Just as described in Substance and function, the motor of the evolution from one form of thought to the next is the regulative principle of convergence toward higher systematic unity, in a mutual adaptation of the forms of thought to experience:Footnote 24

Physics, as an empirical science, is equally bound to the “material” content, which sense perception offers it, and to these form-principles in which are expressed the universal conditions of the “possibility of experience.” It has to “invent” or to derive deductively the one as little as the other, i.e., neither the whole of empirical contents nor the whole of characteristic scientific forms of thought, but its task consists in progressively relating the realm of “forms” to the data of empirical observation and, conversely, the latter to the former. In this way, the sensuous manifold increasingly loses its “contingent” anthropomorphic character and assumes the imprint of thought, the imprint of systematic unity of form. Indeed “form,” just because it represents the active and shaping, the genuinely creative element, must not be conceived as rigid, but as living and moving.

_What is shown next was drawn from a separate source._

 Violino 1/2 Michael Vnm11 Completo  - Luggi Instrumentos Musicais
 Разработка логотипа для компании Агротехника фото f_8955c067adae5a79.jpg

The great merit of Cassirer’s variety of transcendental idealism is its ability to accommodate for even the deepest conceptual changes known in the history of science. This was later confirmed by the rationalization of the quantum revolution he offered in his Determinism and indeterminism.Footnote 25 This flexibility results from his reducing the absolute a priori conditions of knowledge to regulative principles of synthetic unity, lawfulness, and progressive convergence. The drawback is the vagueness of the characterization of the constitutive principles or “forms” that operate in the successive stages of a given science. Cassirer never meant his epistemology to be normative; he did not pretend to offer working rules for theorizing scientists. On the contrary, he believed the evolving forms of scientific thought and the direction in which they converge could only be identified by critical analysis of our best science in its historical development.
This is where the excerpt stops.